◆ **DATA SHOWN**

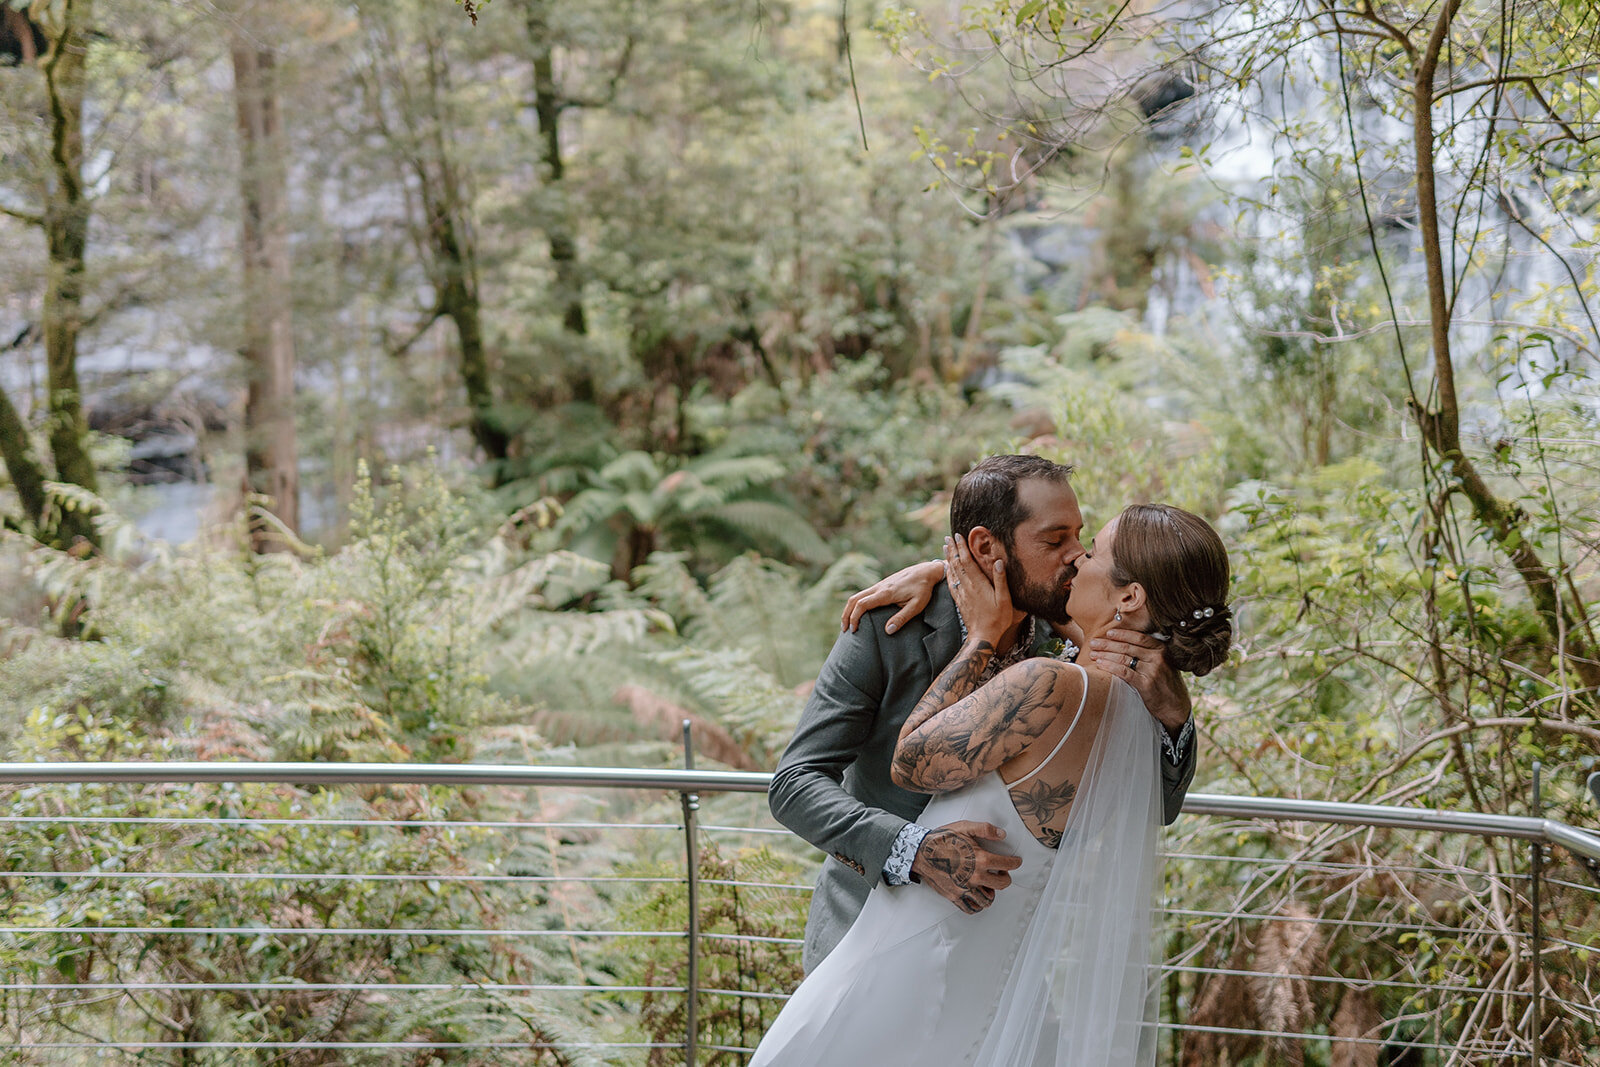 Stacey&Cory-Coast&Pines-181
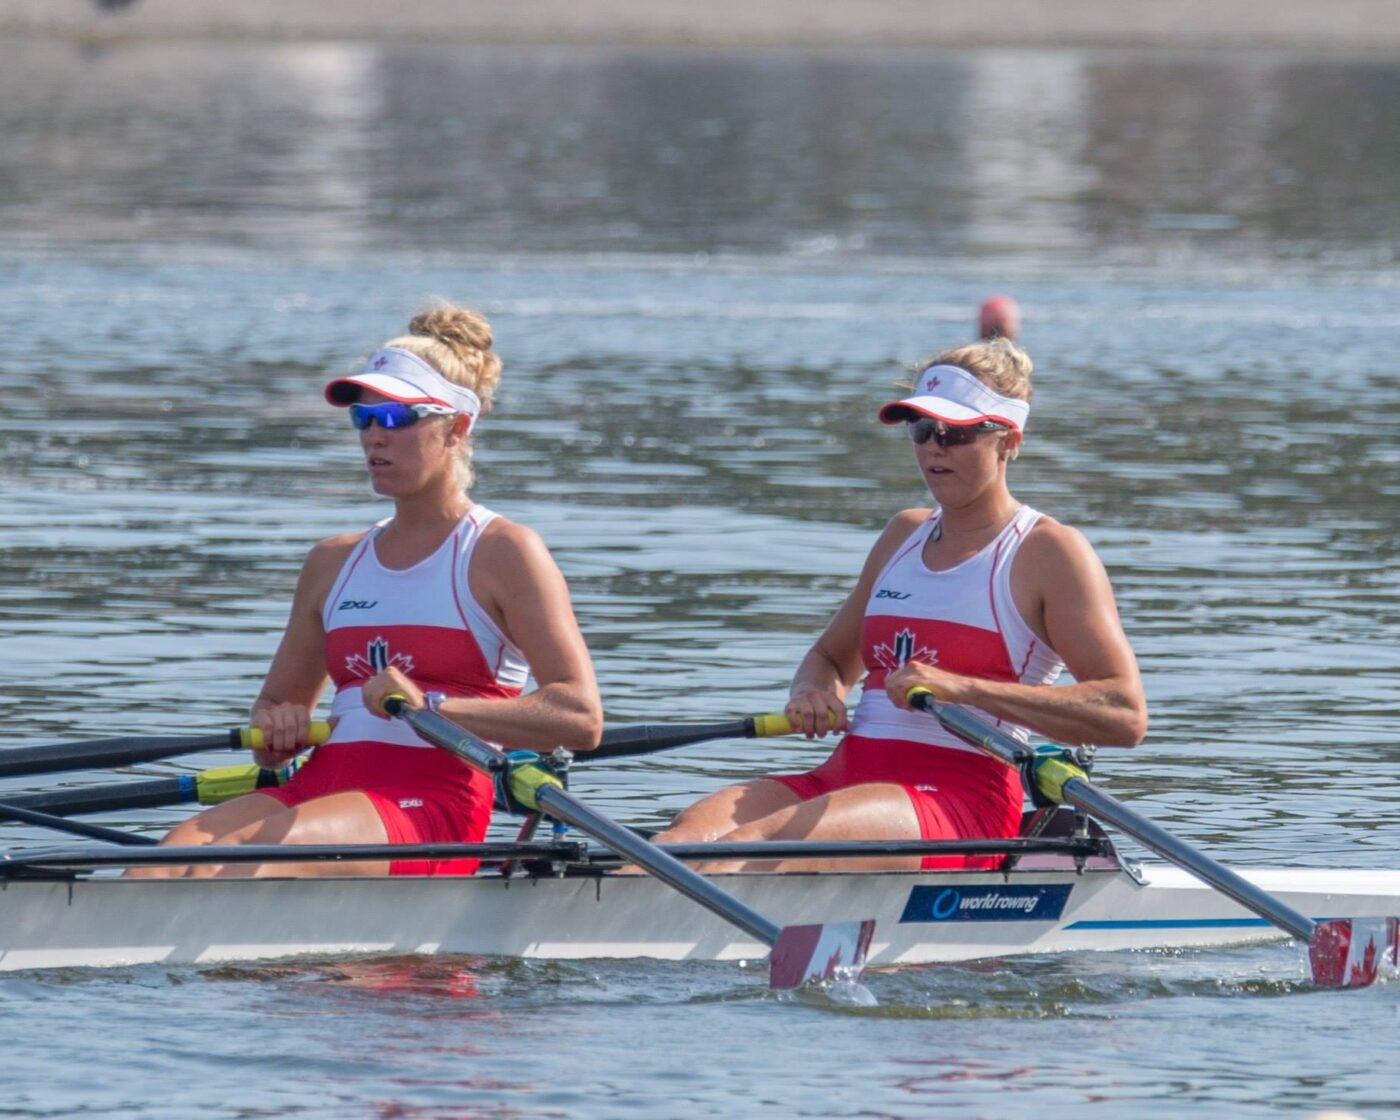 Two women wearing red and white uniforms and visors rigorously rowing on calm water.
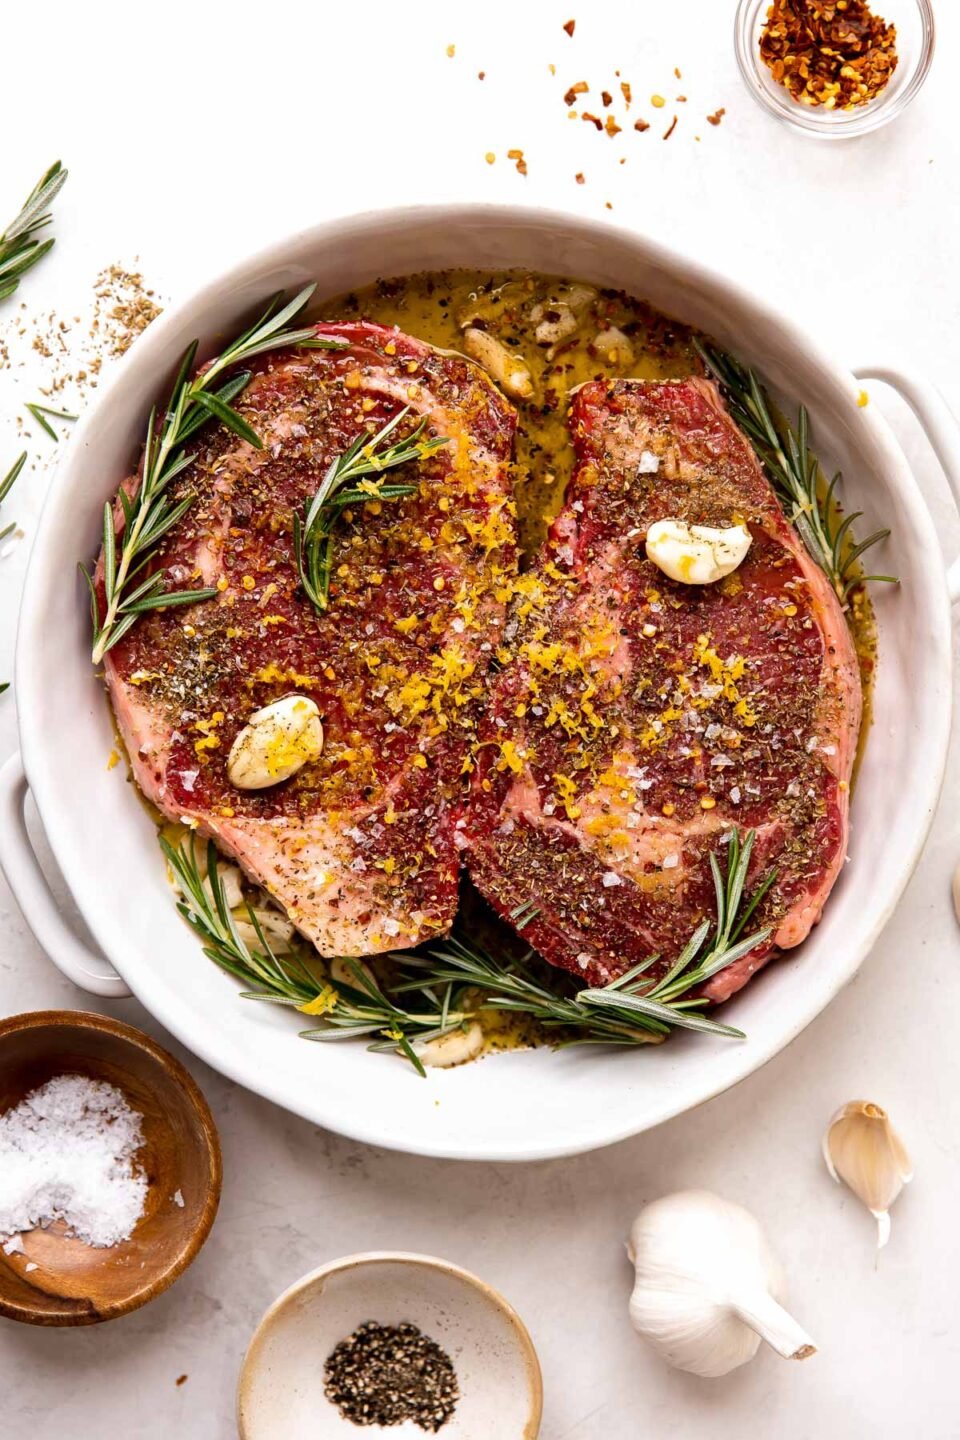 How to make Tuscan style steak: two steaks marinate in a Tuscan-style marinade made with olive oil, lemon zest, garlic, fresh rosemary, dried oregano, and crushed red pepper flakes. The steaks marinate inside of a double handle baking dish that sits atop a creamy white textured surface surrounded by a bulb of garlic and three small pinch bowls filled with crushed red pepper flakes, kosher salt, and ground black pepper.

◆ **PROBLEM DESCRIPTION**
Make an exact copy of the listing above, omitting the pictures.

◆ **OUTPUT OF THE EXERCISE**
 Stacey&Cory-Coast&Pines-181
 Two women wearing red and white uniforms and visors rigorously rowing on calm water.
 How to make Tuscan style steak: two steaks marinate in a Tuscan-style marinade made with olive oil, lemon zest, garlic, fresh rosemary, dried oregano, and crushed red pepper flakes. The steaks marinate inside of a double handle baking dish that sits atop a creamy white textured surface surrounded by a bulb of garlic and three small pinch bowls filled with crushed red pepper flakes, kosher salt, and ground black pepper.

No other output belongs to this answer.